We simply do not get enough of Rachel's voice, thoughts, persona. Besides her decision to leave an unhappy marriage and live as married to another without legal sanction, we see Rachel Jackson as not much more than a stereotypical woman of the frontier elite. Even self-divorce was described as a relatively common and accepted practice at the time. I hate to begrudge a scholar who may have had limited sources with which to work, or who is working with a story that perhaps really is just that typical, but neither of those restraints are always made clear. And without that explanation, we get a pretty standard story of man who loved a woman, took her with him to marry him, pursued his aspirations while ignoring any complaints she may have had, and who expressed his love mostly by fighting (both verbally and violently) to defend his woman's honor.

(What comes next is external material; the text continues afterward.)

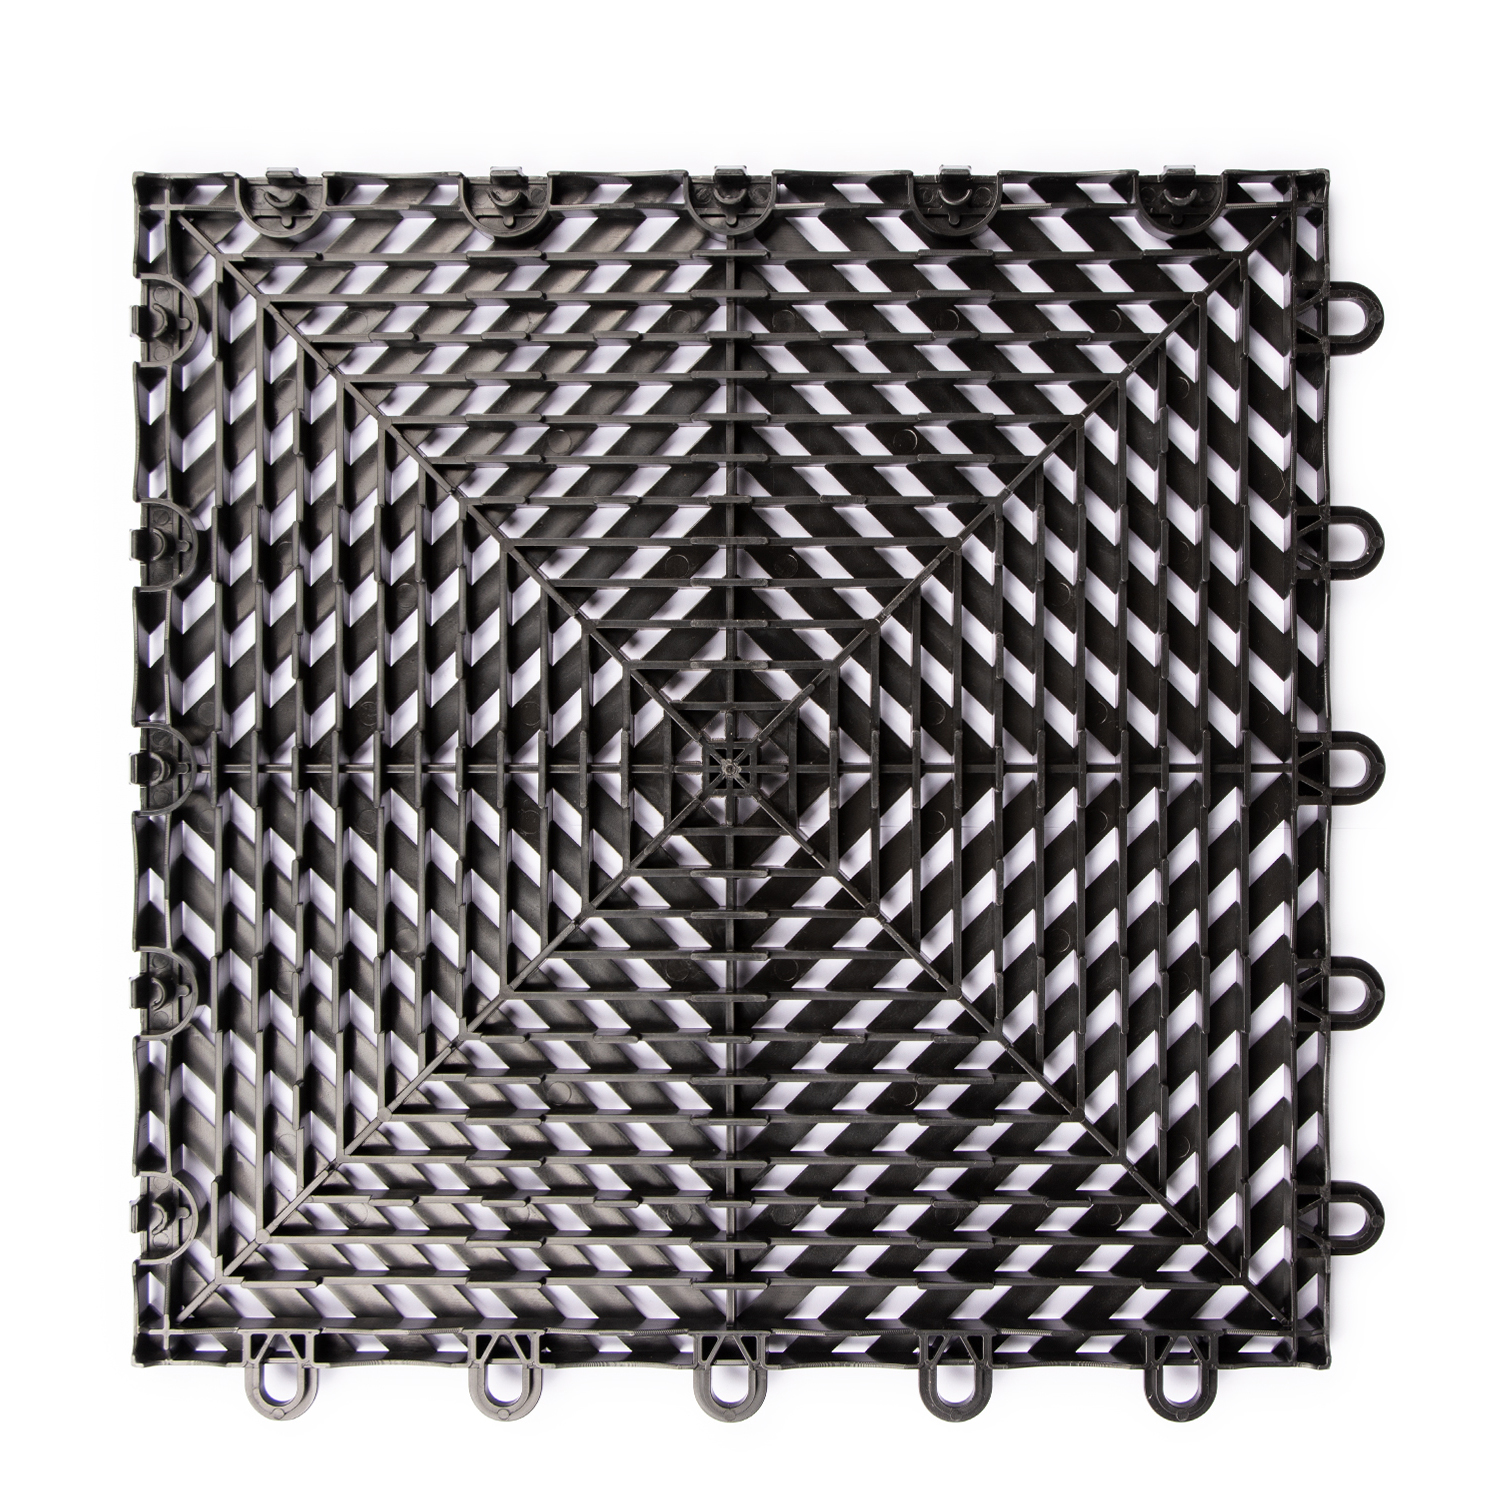 Gitterfliese hart schwarz 300x300x15mm (Set 25 Stück) - Technikplaza

There are some lovely sentiments presented from the love letters between Andrew and Rachel, but not nearly enough to get a true sense of their love and relationship and certainly not enough to fully understand who Rachel Jackson was. I, for one, hope that the "first scholarly biography of Rachel Jackson" that Brady mentions Ann Toplovich, executive director of the Tennessee Historical Society, is working on (239) will be published soon.